Instantiate the module (with appropriate specs), load weights and instantiate weights with pre-trained weights.

# decoder configs
embed_size = 512
visual_embed_size = 512
hidden_size = 512

decoder = DecoderRNN(embed_size, hidden_size, vocab_size, visual_embed_size)

# Load the trained weights.
decoder_file = "A3DS/pretrained_decoder_3dshapes.pkl"
decoder.load_state_dict(torch.load(decoder_file))
<All keys matched successfully>
itemID=0
image, target_feats, caption_text, numeric_lbl, caption_indx = A3DS_dataset.__getitem__(itemID)
print(caption_indx)
tensor([ 0,  9, 17, 18,  4, 31, 38, 28, 15,  6, 16,  8,  9, 27, 11,  8, 12, 13,
         4, 45, 14,  1,  3,  3,  3,  3])

The current NIC module was actually trained for later use of two pictures (contrastive image captioning).

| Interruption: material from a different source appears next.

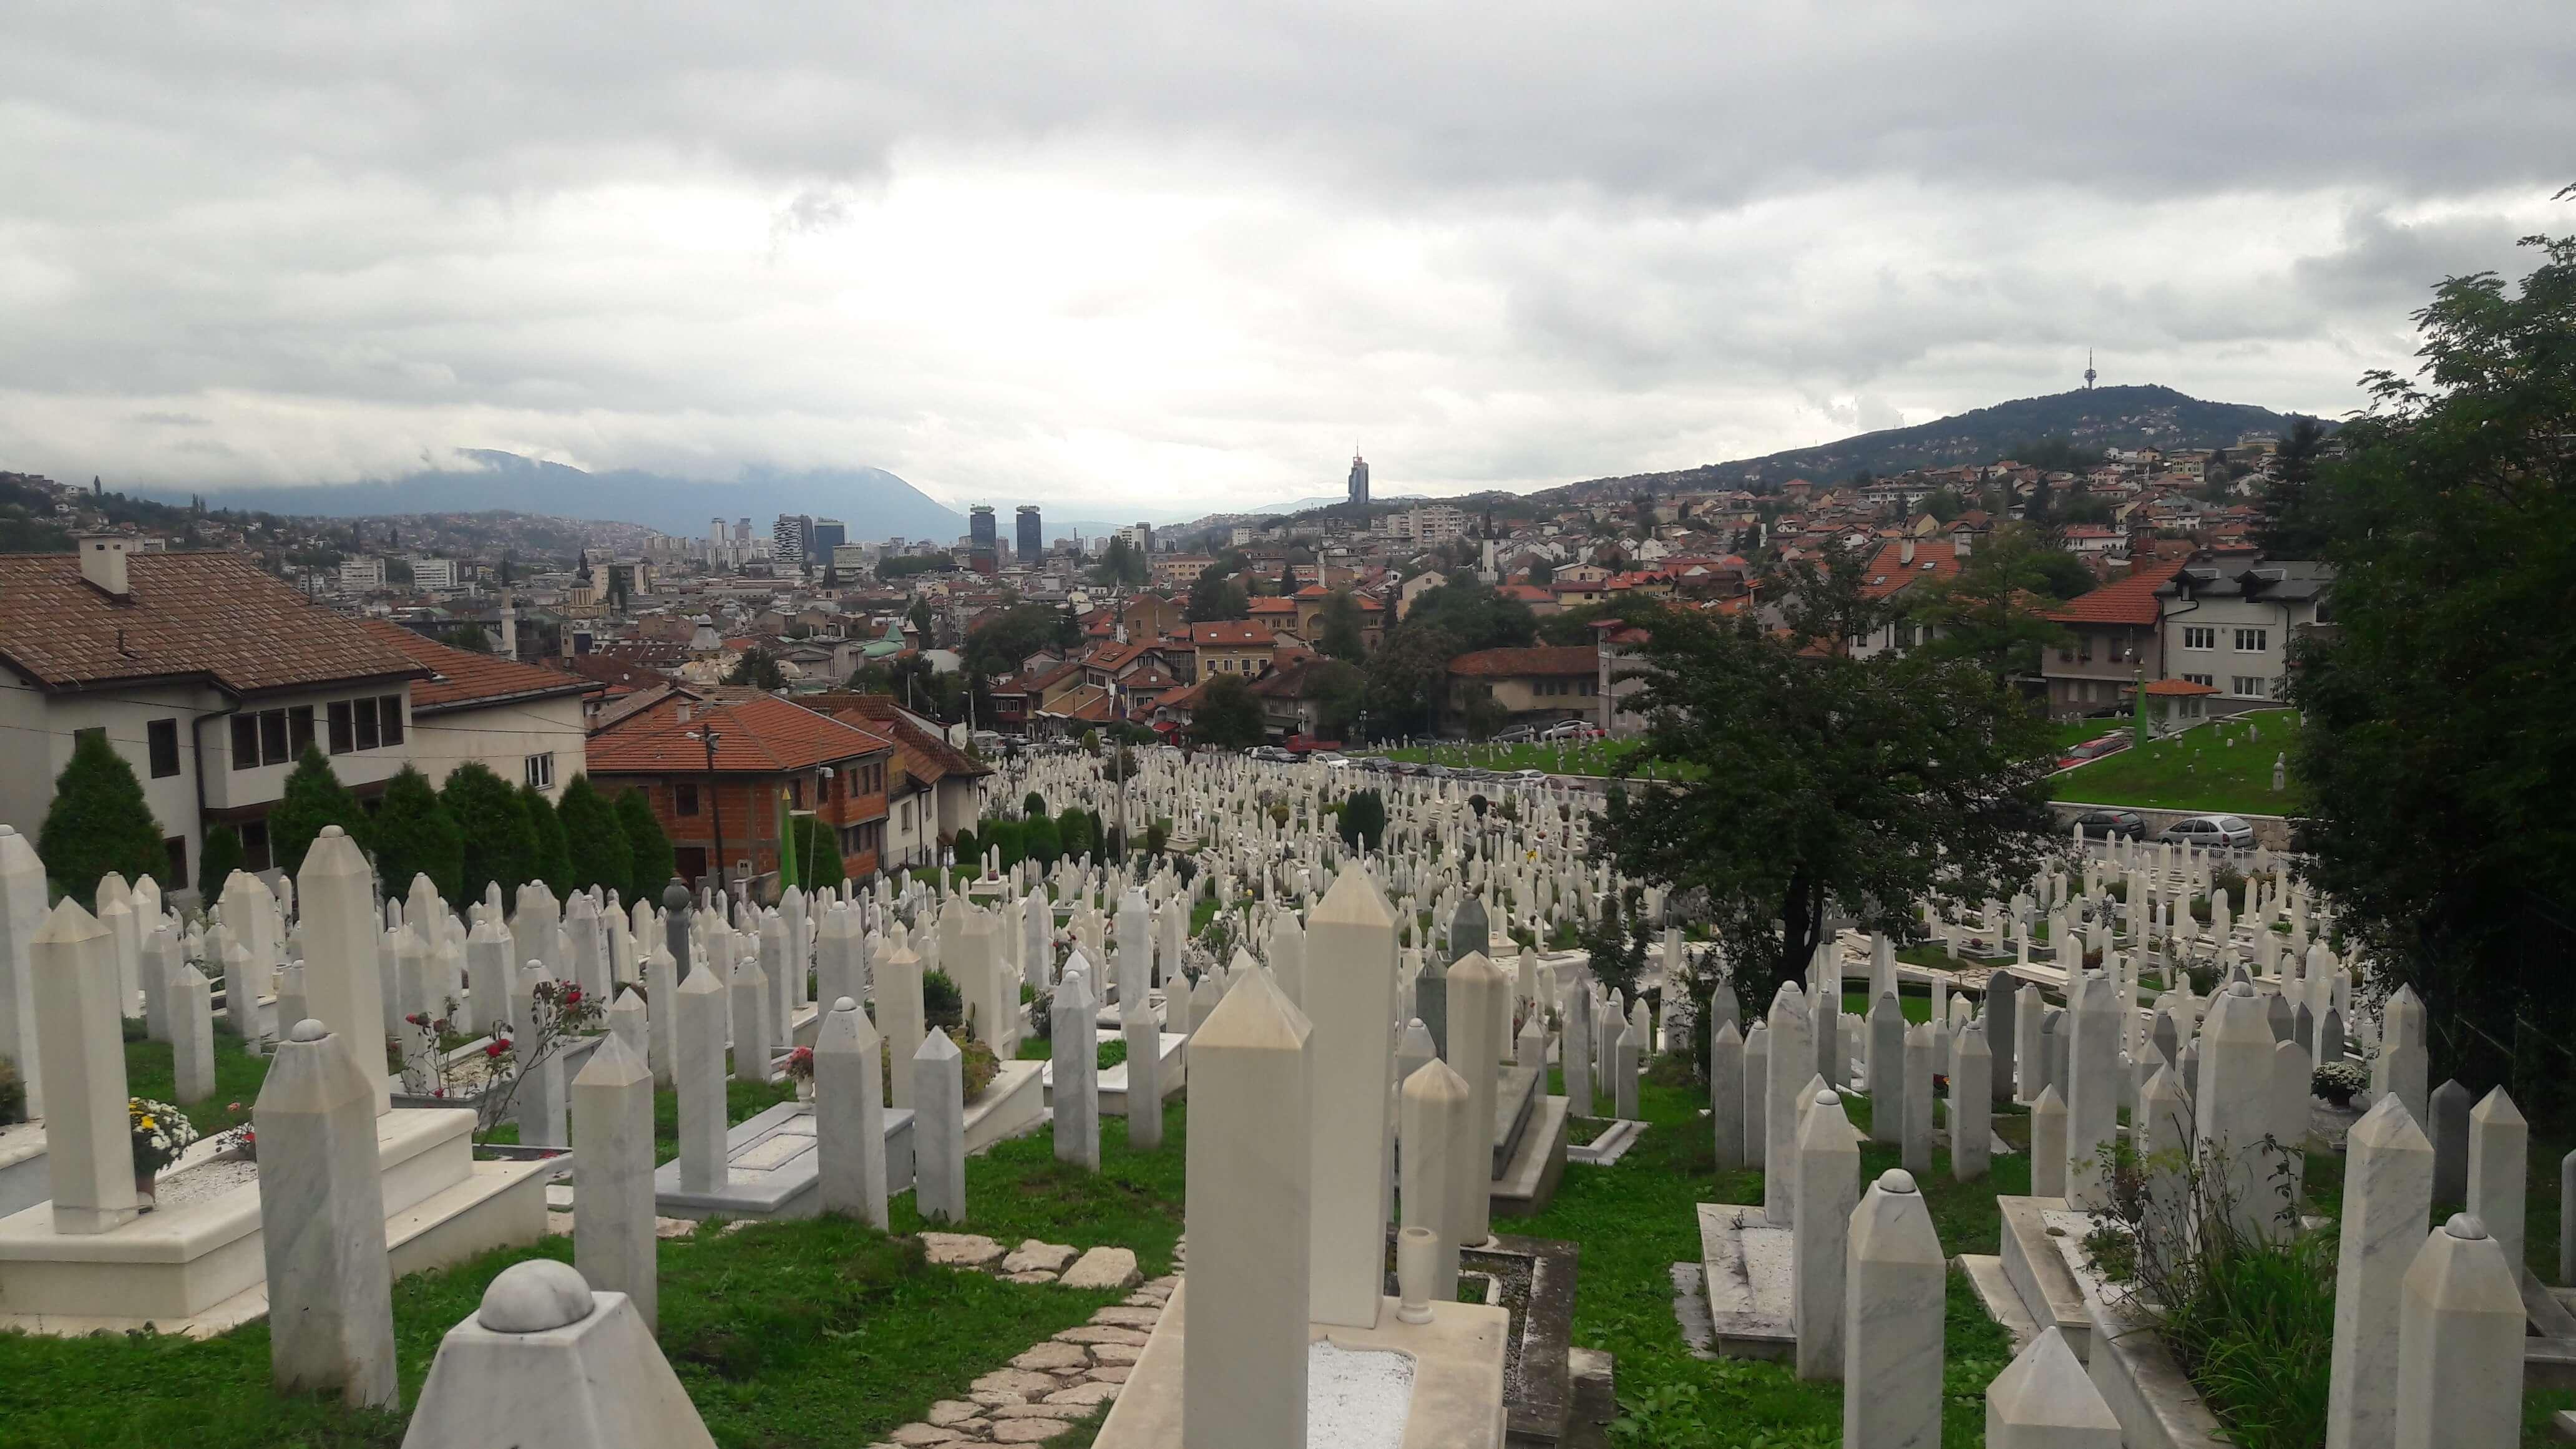 Os cemitérios estão por toda parte em Sarajevo

Therefore, we need to input the picture to be described not once, but twice. (This is otherwise completely innocuous for our current purposes of single-picture captioning.)

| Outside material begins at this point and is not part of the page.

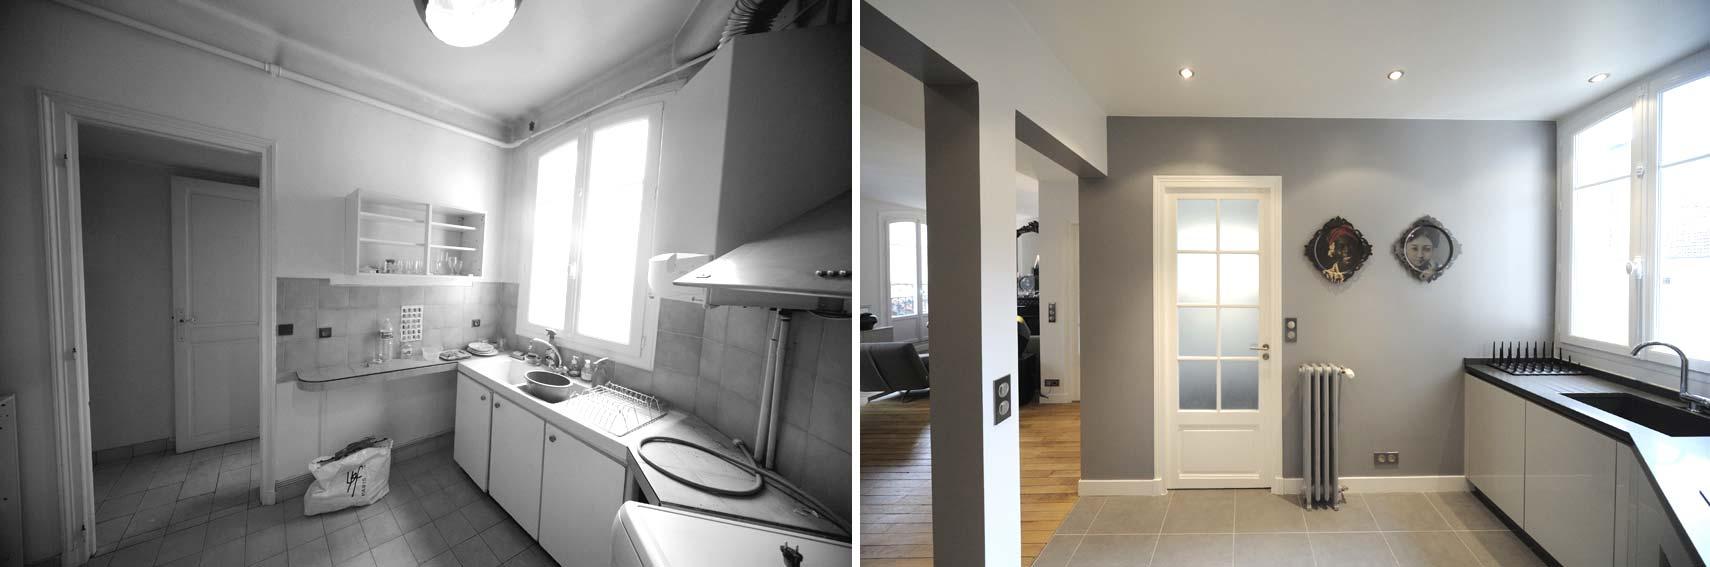 Aménagement d'une cuisine isolée dans un appartement

target_features = target_feats.reshape(1,len(target_feats))
both_images     = torch.cat((target_features.unsqueeze(1), target_features.unsqueeze(1)), dim=1)
output, _, _, _ = decoder.sample(both_images, caption_indx.shape[0])

def clean_sentence(output):
    """
    Helper function for visualization purposes.
    Transforms list of token indices to a sentence.
    Also accepts mulit-dim tensors (for batch size > 1).

    Args:
    ----
    output: torch.Tensor(batch_size, sentence_length)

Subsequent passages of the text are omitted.